How to perform a man who himself did nothing else? “From the beginning Wilde performed his life and continued to do so even after fate had taken the plot out of his hands,” W.H. Auden wrote in a perceptive, if strikingly critical, essay in 1963.1 Oscar Wilde famously told Gide that he had put his talent into his work and his genius into his life, and although his work is still enjoyed—there was recently a year-long season of his plays at the Vaudeville Theatre in London—he divides opinion as a writer, with John Banville in these pages recently putting a higher estimate on him than Auden had.2
But “Oscar” continues to inspire any number of books, plays, and movies. One filmography lists twenty-seven items. There are many filmed versions of his work, among them six of The Picture of Dorian Gray (with casts including Anthony Perkins and Malcolm McDowell), four of The Canterville Ghost (with casts including John Gielgud and Patrick Stewart, and a 1944 version directed by Jules Dassin with Charles Laughton), and four of Salomé (one directed by Ken Russell and one by Al Pacino). And there are filmed versions of the comedies, although they never quite work on screen: the 1952 Importance of Being Earnest directed by Anthony Asquith, despite Edith Evans as Lady Bracknell, Dorothy Tutin as Cecily, and Margaret Rutherford as Miss Prism, is stagey and slow-paced. An even more improbable Wildean than Pacino was Otto Preminger, who directed a 1949 movie version of Lady Windermere’s Fan as The Fan.
Then there are the biopics. Two came out in 1960: Oscar Wilde with Robert Morley as Wilde and The Trials of Oscar Wilde with Peter Finch.
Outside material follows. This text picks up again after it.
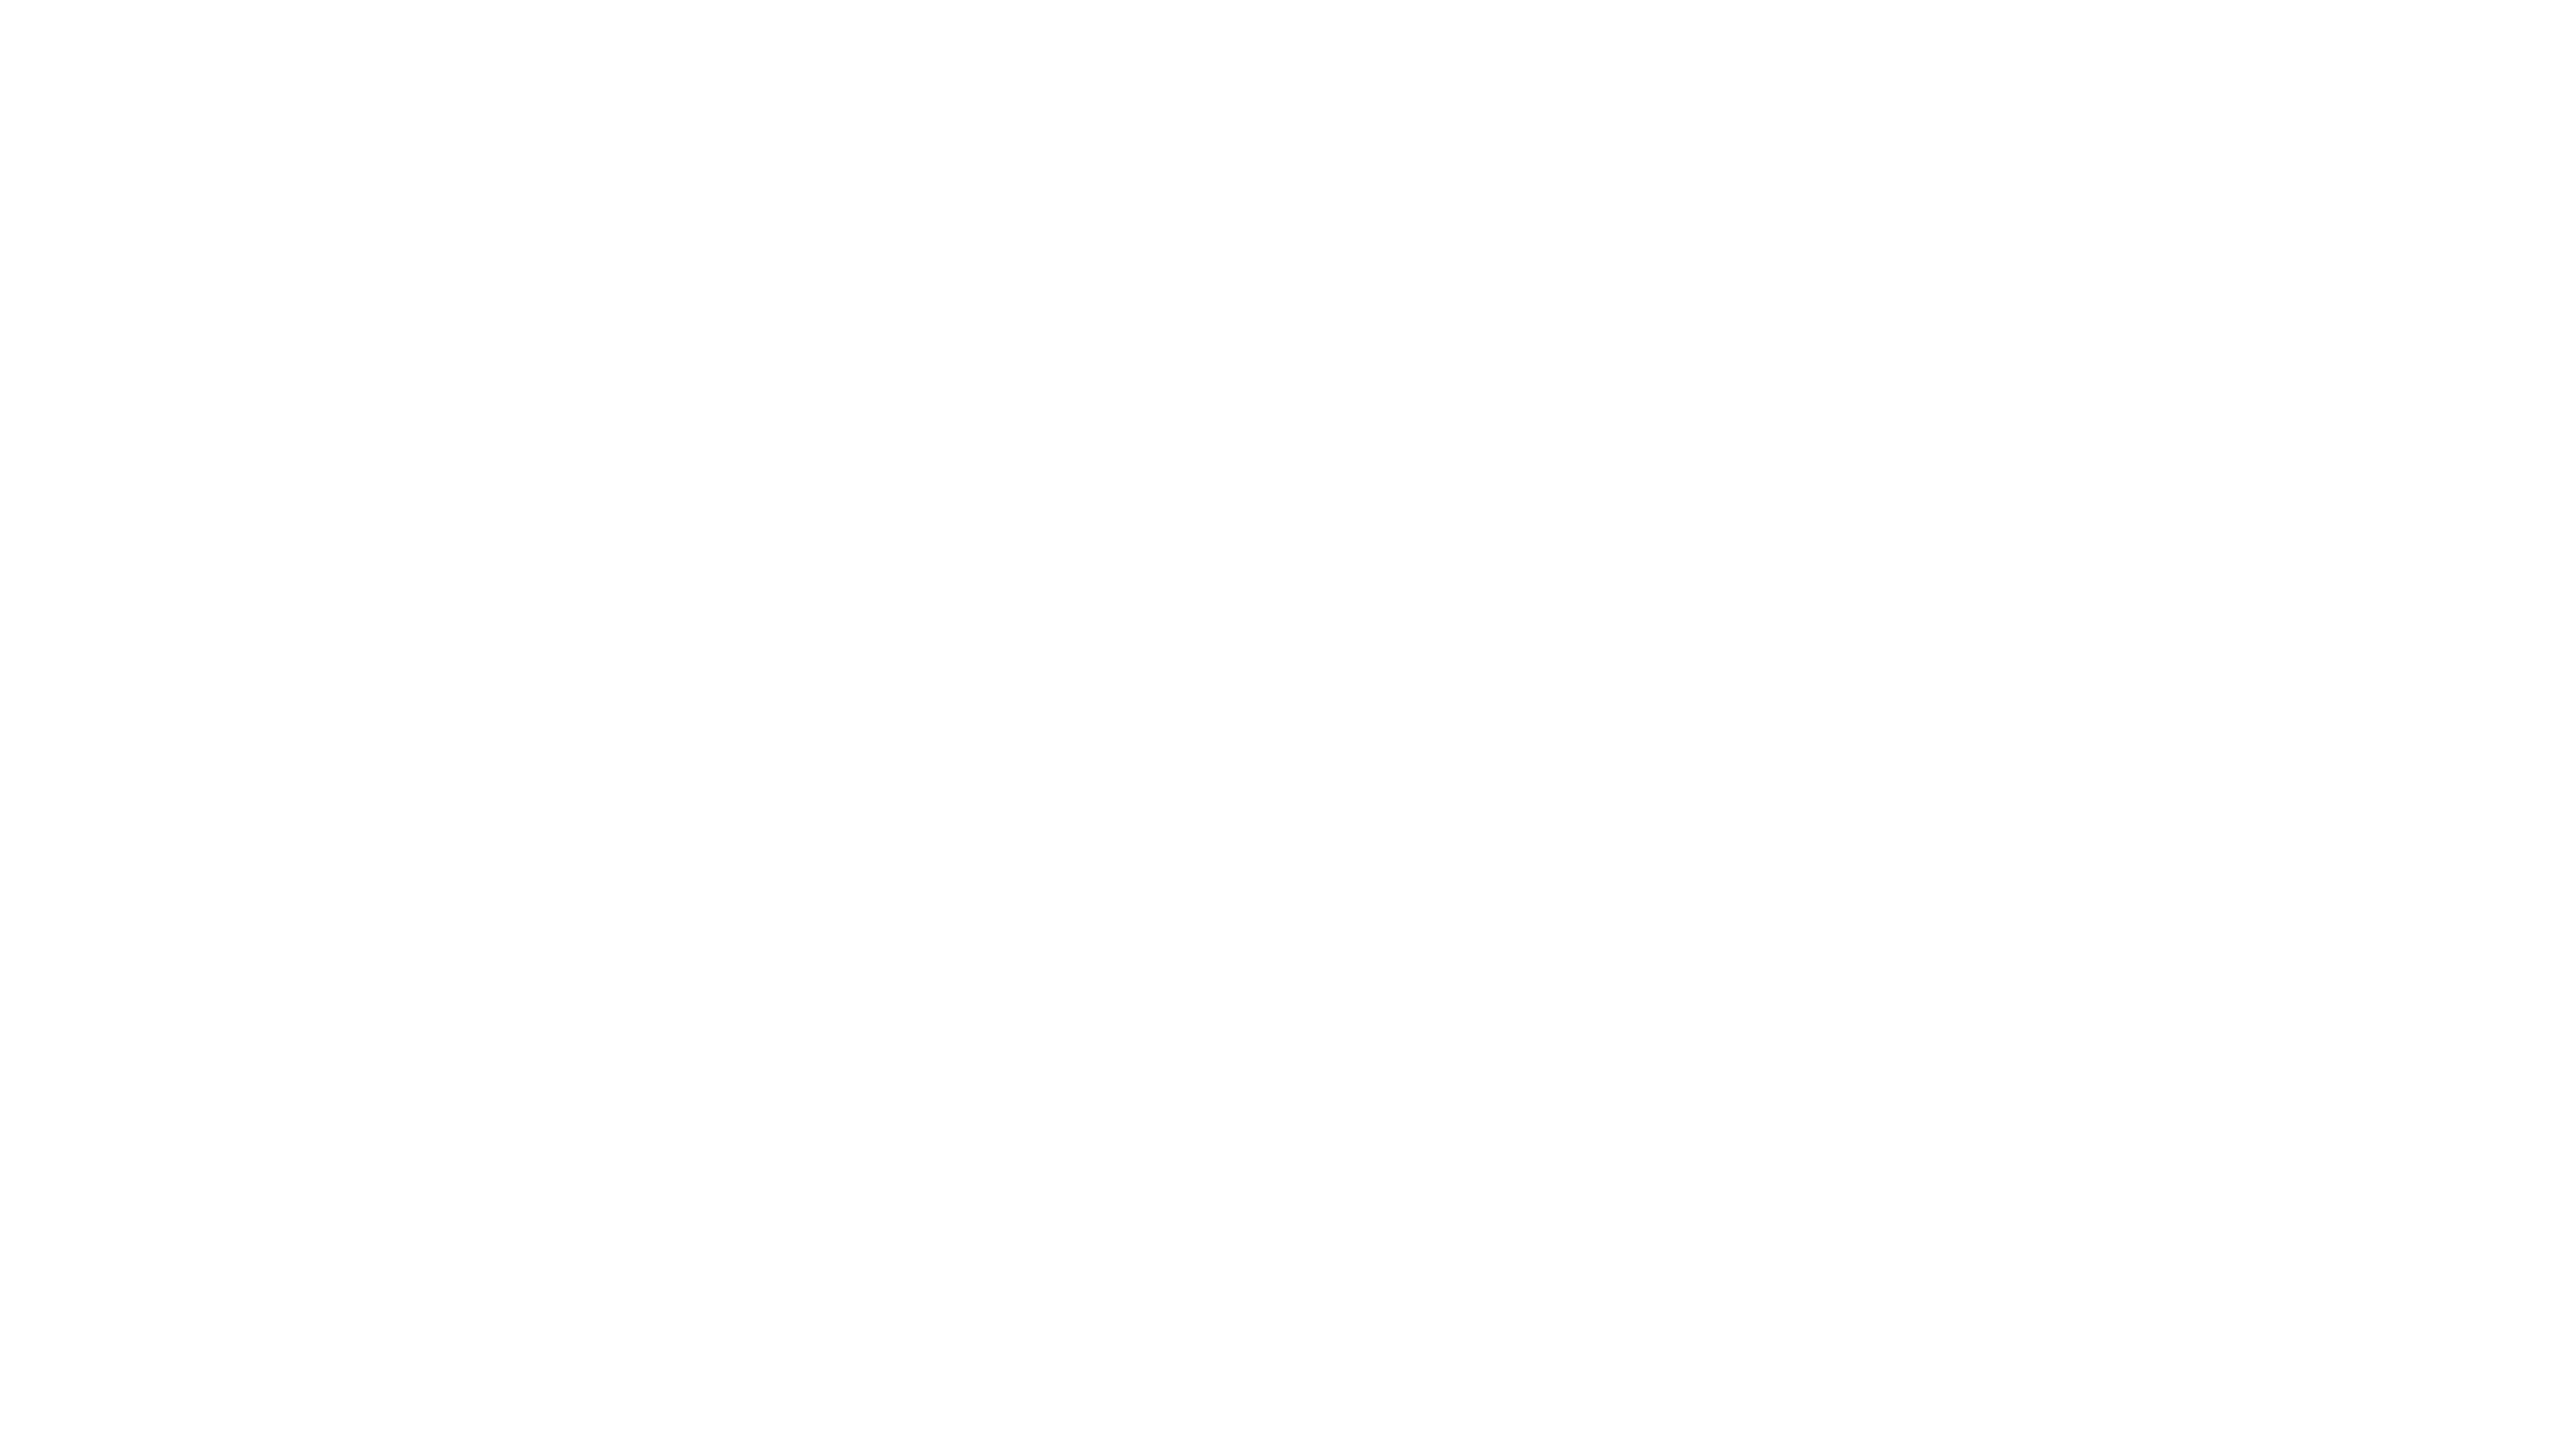 Tour of Britain Men logo

Critical opinion at the time thought the Finch version the better, and viewing them again it’s hard to disagree. The former is clumsy and sometimes a little leaden and, although there’s something rather touching about Morley, he is plainly miscast. So in a different way is Finch, who is too handsome, slim, and dashing: Wilde was never very prepossessing in appearance, as opposed to presence and conversation, and by forty he was, as photographs and the sketches by Toulouse-Lautrec and Max Beerbohm show, bloated by food and drink.
In 1960 London also saw The Importance of Being Oscar, a one-man stage show by Micheál Mac Liammóir. Since mixed identities, “guising,” double lives, and “Bunburying” were so much a part of Wilde’s work—and life—this may have been an apt interpreter. “Mac Liammóir” was actually a Londoner of modest origins named Alfred Willmore, with no Irish connections or ancestry at all. He’d been a child actor before the Great War, appearing in Peter Pan with his exact contemporary Noël Coward, but then moved to Dublin and entirely reinvented himself as an Irishman, claiming to come of a Cork family, adopting a Celtic name, and learning to speak Gaelic fluently, which was more than most of the Irish could do. Although I didn’t see The Importance of Being Oscar, I relished an LP of it, with Mac Liammóir’s overripe but enjoyable intonation of everything from his own narrative to Lord Henry Wotton and Lady Bracknell.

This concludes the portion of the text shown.